Q: You have hit a lot of home runs as an amateur and hopefully many to come as a professional. While you say you want to be well-rounded with your game, the home run is still pretty fun, right?
CF: That is my favorite part of the game. I don’t think there is a better feeling than hitting a home for me. Just knowing it is gone right off the bat. It is just the feel. I have hit so many home runs in my 15 years of baseball it is just fun and I don’t think there is a better feeling.
Q: So what are you doing in the offseason?
CF: This is probably the best part about it. My neighbor is the minor league hitting coordinator for the Red Sox. I was going to go to the Red Sox if the Indians did not pick me. His name is Tim Hyers. I have such a good relationship with him and I am working out with him four days a week in the offseason. I will get back in the weight room. I have to put on some body fat. I am at 2.8% and I want to get to 10%. It is going to prevent me from soft tissue injury and cramping so much. I go to the bathroom three times in practice because I carry my water jug around with me. With low body fat percentage it is going to lead me to pull more muscles and cramp and have a lot of soft tissue damage.

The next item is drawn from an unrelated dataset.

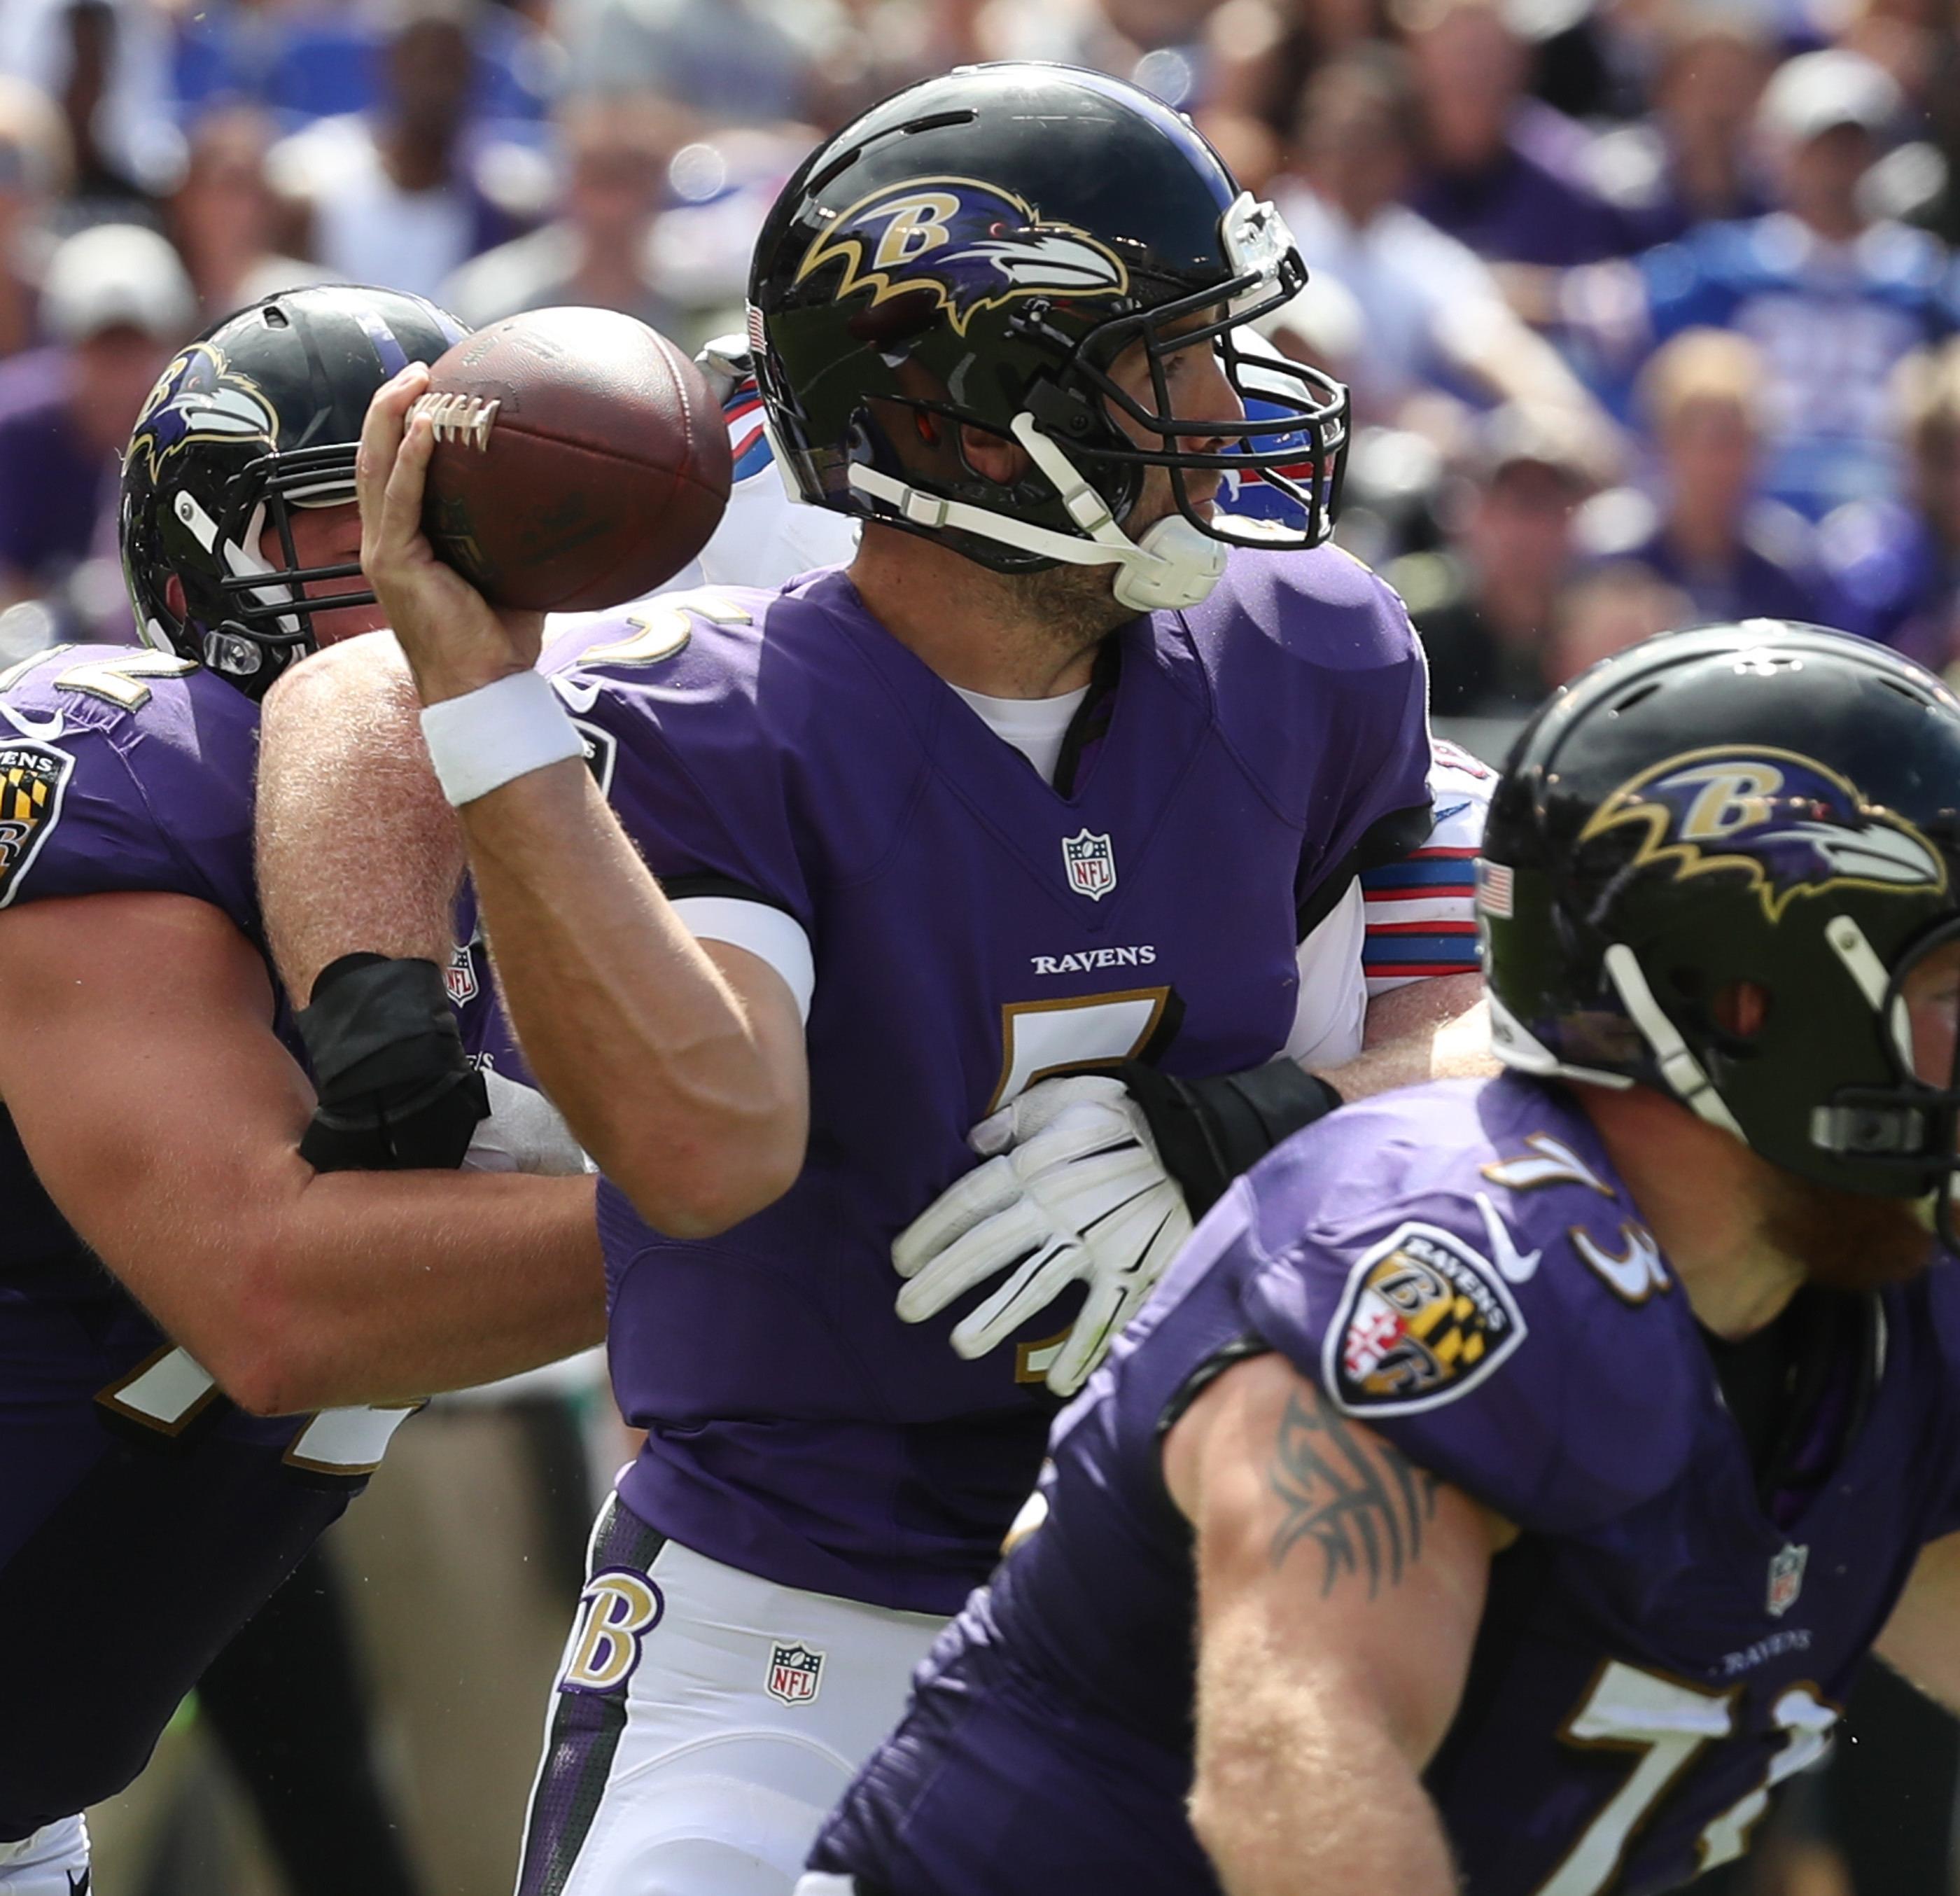 Baltimore Ravens quarterback Joe Flacco is sacked in the second quarter.

Q: Wouldn’t there be a conflict of interest with you being a part of the Indians organization and working with a Red Sox coach?
CF: I talked to the Indians and they know him personally and they are fine with me working with him. The Indians do not care as long as we are sticking to a certain plan. The Red Sox might be the ones because they might be playing against me in a few years (laughs). In the end it is his and my decision. The first baseman for the Oakland A’sBrandon Moss went to my high school so we have a good relationship and I am hitting with him in the offseason. I live 15 minutes from Jeff Francoeur so I can work out with him. Brian McCann is right down the road and I know him personally.
Q: This is a big year coming up. It will be your first exposure to a full season of playing non-stop for about six to seven months. Do you know what you are in store for?
CF: I was talking to some girl back home and she asked what next year is going to be like for me. I said I think I played four days on and one day off [in Arizona]. Next year I am going to be gone for seven months and have seven days off all year. I get one day off a month and with eight hour bus rides it is going to be a grind. That is the most overused term I have heard in the last three years, but it is true.
Q: Having had the chance to watch you hit in Arizona, I noticed you have an interesting pre-bat routine where before you step into the box you hold the bat straight up in front of you and just stare at it. Is that just a gimmick or something you do as part of your pre-pitch setup?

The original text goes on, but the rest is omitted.